→ **DATA RECORDS**
Segment Open

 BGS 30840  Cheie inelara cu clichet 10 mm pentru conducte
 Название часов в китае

Segment Closed
Segment Open

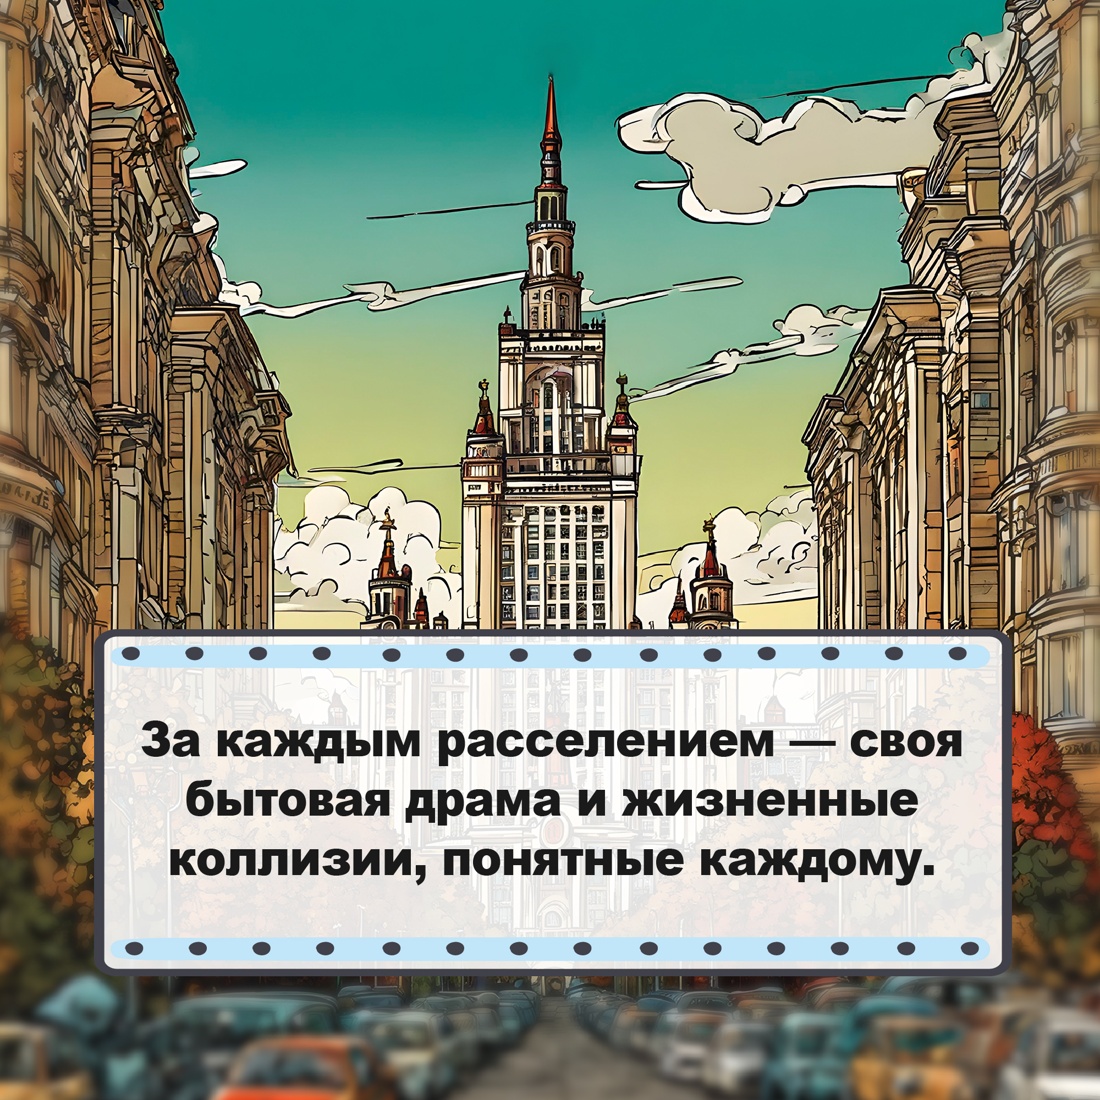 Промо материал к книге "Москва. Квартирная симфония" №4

Segment Closed
Segment Open

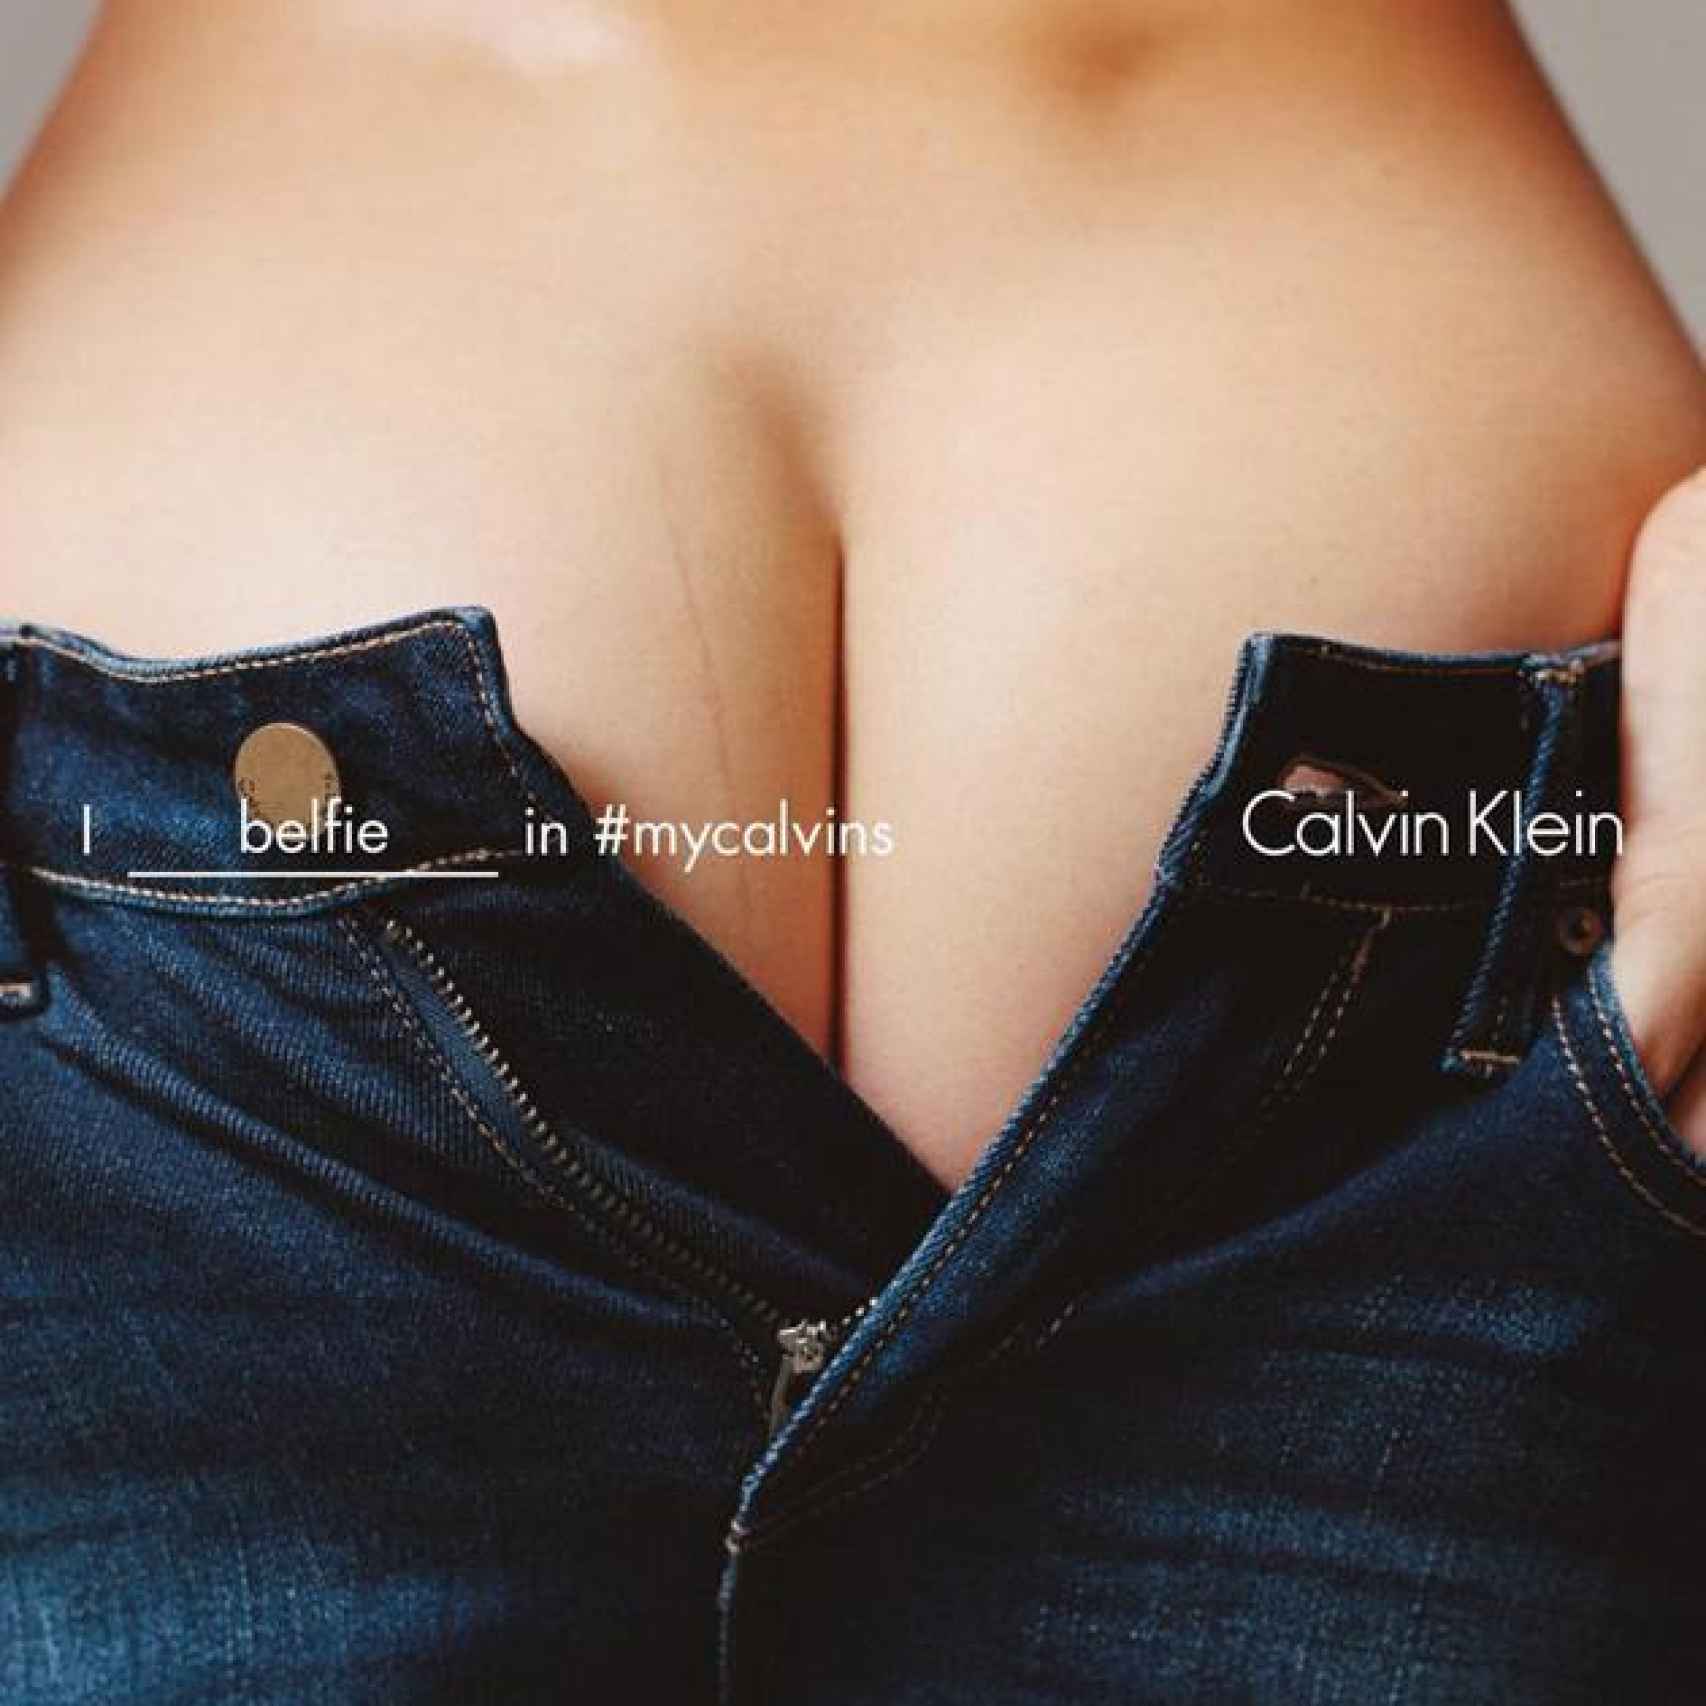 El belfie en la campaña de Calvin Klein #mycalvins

Segment Closed

→ **EXERCISE INSTRUCTIONS**
Could you reproduce exactly the lines of the entries above, from the one with "mm pentru conducte" through the one with "Название часов в китае", and nothing else?

→ **RESULT OF THE EXERCISE**
 BGS 30840  Cheie inelara cu clichet 10 mm pentru conducte
 Название часов в китае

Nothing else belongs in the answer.